Zero weights and statistical power
I'm interested in data contained the harassment modules (in Waves 1, 3, 5 and 7), but am concerned about the significant reduction in statistical power arising from the increasing proportion of respondents who are assigned values of 0 in w_ind5mus_xw. I understand from a previous thread (#877) that ..... 'The provision of weights requires the ability to estimate probabilities of continuing to respond over multiple waves. This is true of cross-sectional weights as well as longitudinal ones, as they are derived from the longitudinal ones (how this was done is described in section 126.96.36.199 of the User Guide). In consequence, a person in a household where there is no person who has been enumerated at every wave up to wave w will get a weight of zero. Such people should not be given a weight, as the weights for all other sample members are calculated in a way that compensates for these "missing" people.'
However, the 'compensation' appears to also result in a significant loss of statistical power. Taking as base the unweighted number of respondents who provide a valid answer to the 'attacked' items, the weighted population size has reduced from 92% of actual respondents in W1 (7418/8072) to just 27% in W7 (2711/9973). The resulting reduction in power is of concern and given the rationale outlined above, will continue to increase over time as the % of households in which someone has been enumerated at every wave will continue to diminish. It also seems rather wasteful of people's time that the responses of the majority of participants is, through the weighting process, assigned to a statistical waste bin!

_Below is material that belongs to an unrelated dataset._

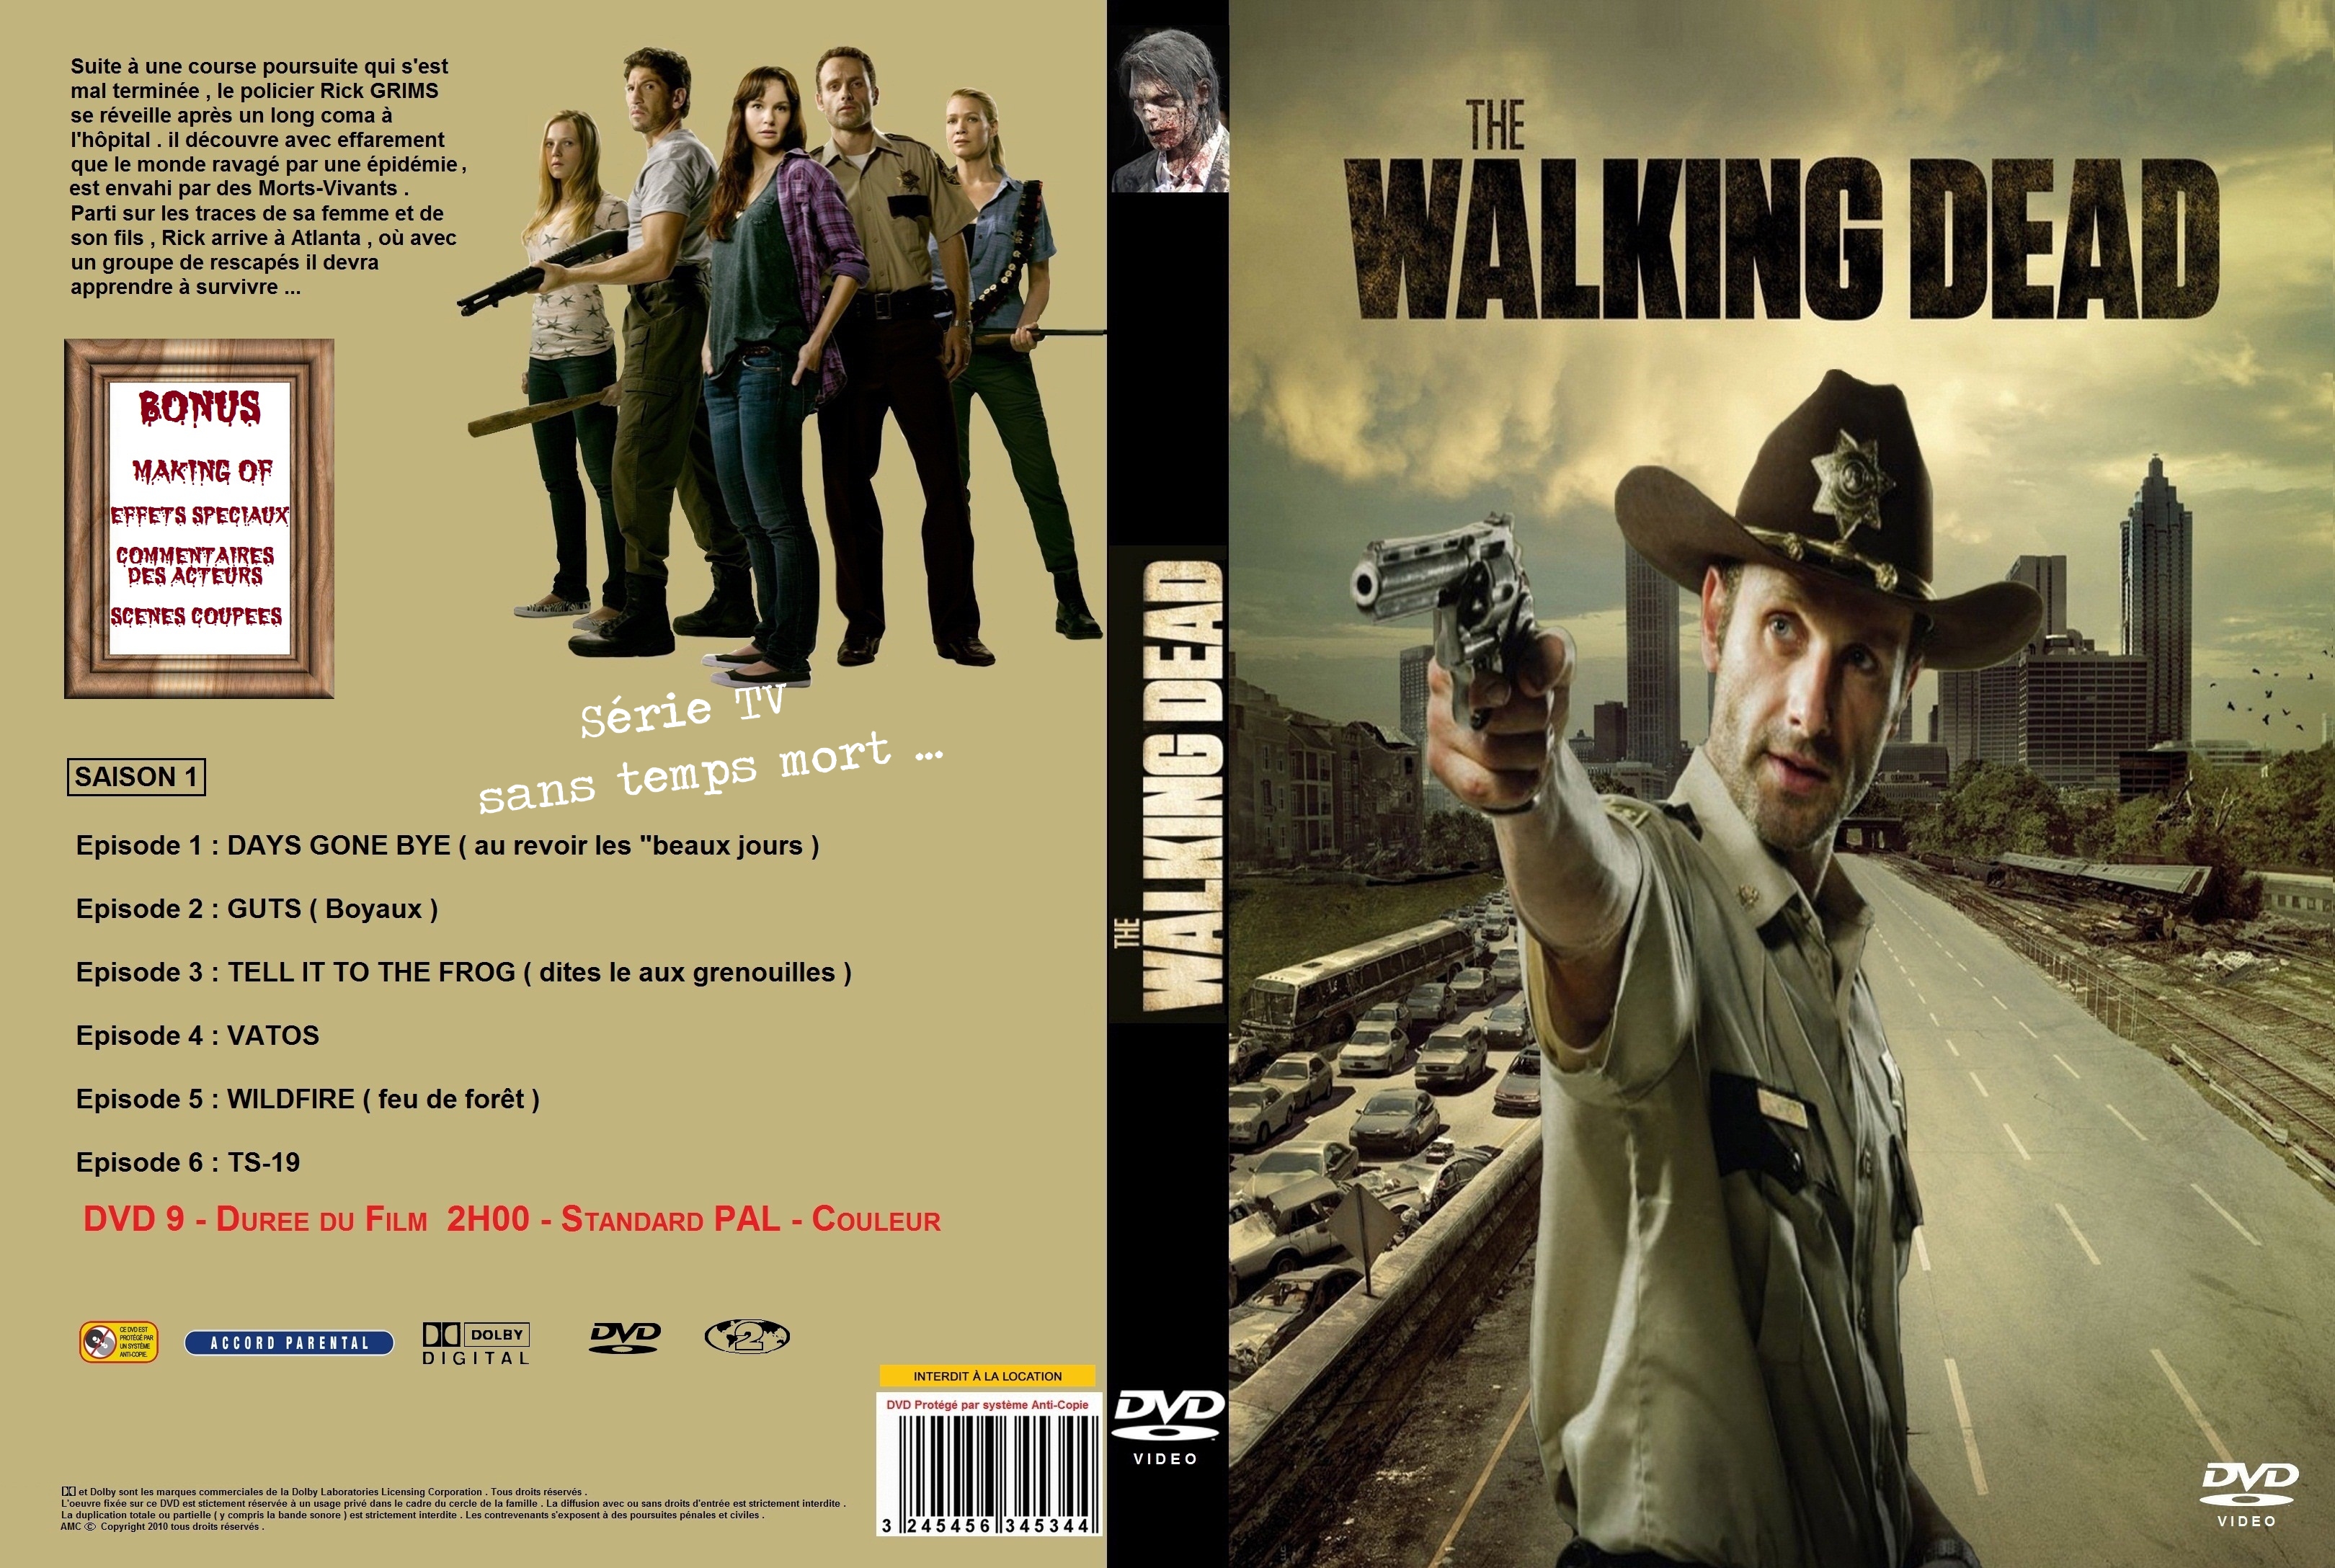 Jaquette DVD The Walking Dead Saison 1 custom

Be very grateful if you could suggest any ways round this problem.
Updated by Olena Kaminska over 3 years ago
You are correct about the 'loss' of statistical power in the analysis of extra five minutes. This loss is almost exclusively not due to attrition and nonresponse but due to design. Here are a few details about it.
Firstly, this 'large' loss of power is only for extra 5 minutes analysis - and really only for when you want an estimate of the population for extra 5 minute questions. It results from the fact that we oversample by a big factor the minority groups and the fact that the non-minority group is relatively small (note - it is sufficient for most of analysis though). This is because the extra 5 minute questions are not really designed for overall population estimates (although you can use our data to obtain them). The main purpose of these are to obtain good estimates for minorities - 5 specific groups, and to compare them to non-minority group. Please note that if you look at the statistical power for the estimates of each of the separate group and of any estimate that compares them to non-minority group - it will be much higher. The 'loss' is only apparent when you combine these together - and even that will give you enough statistical power to detect most important differences and obtain good estimates for social statistics - in effective sample size it is equivalent to a good quality survey.
I hope this helps,
Updated by Eric Emerson over 3 years ago
Many thanks for this. I am aware of the purposive oversampling of specified minority ethic groups. However, the main issue appears to be the increasing proportion of extra 5 minute respondents being given zero weights (presumably as they live in a household where there is no person who has been enumerated at every wave up to wave w). Hence, the reduction in the proportion of the weighted to unweighted extra 5 min sample over waves (0.92 in W1, 0.81 in W3, 0.72 in W5, 0.27 in W7). So, although the oversampling strategy has remained constant across waves the weighted sample size has systematically dropped (7418 in W1, 4549 in W3, 3599 in W5, 2711 in W7). This is my major concern as, given the procedure for allocating zero weights we can assume continuing decreases in future waves. Given that some of the variables include important but relatively rare events (being assaulted in specific settings) a sample size of 2711 is rather small. By W9 it could well be unusable. I am aware that we can proceeded without using the weights, but this always seems a less desirable course of action.
Updated by Olena Kaminska over 3 years ago
Thank you for your kind response and for providing the numbers. Most importantly, I would like to warn you that especially with extra 5 minute analysis one can not run it unweighted – it won’t represent the population simply because the 5/6 of the sample comes from minority groups. But one can use either design weight for extra 5 minute or (I suggest) wave 1 extra 5 minute weight and then apply a nonresponse correction (just to correct for attrition between wave 1 and wave 7 if the data used in analysis is from wave 7 for example). In the latter situation the weights will take care for all the different probabilities of selection and for wave 1 nonresponse – and you can gain numbers through a more tailored nonresponse correction.
There are two things to mention about the weights: the currently released cross-sectional extra five minute weight relies on a continuous longitudinal household participation in a survey. I can see now that this would not be ideal for your analysis. There will be released (planned to be released with the next release) another extra five minute weight. This one will incorporate IEMB (which started at wave 6) – which will add more numbers to cross-sectional analysis, it will also not rely on continuous response – just on wave 1 response.
I hope this answers your question,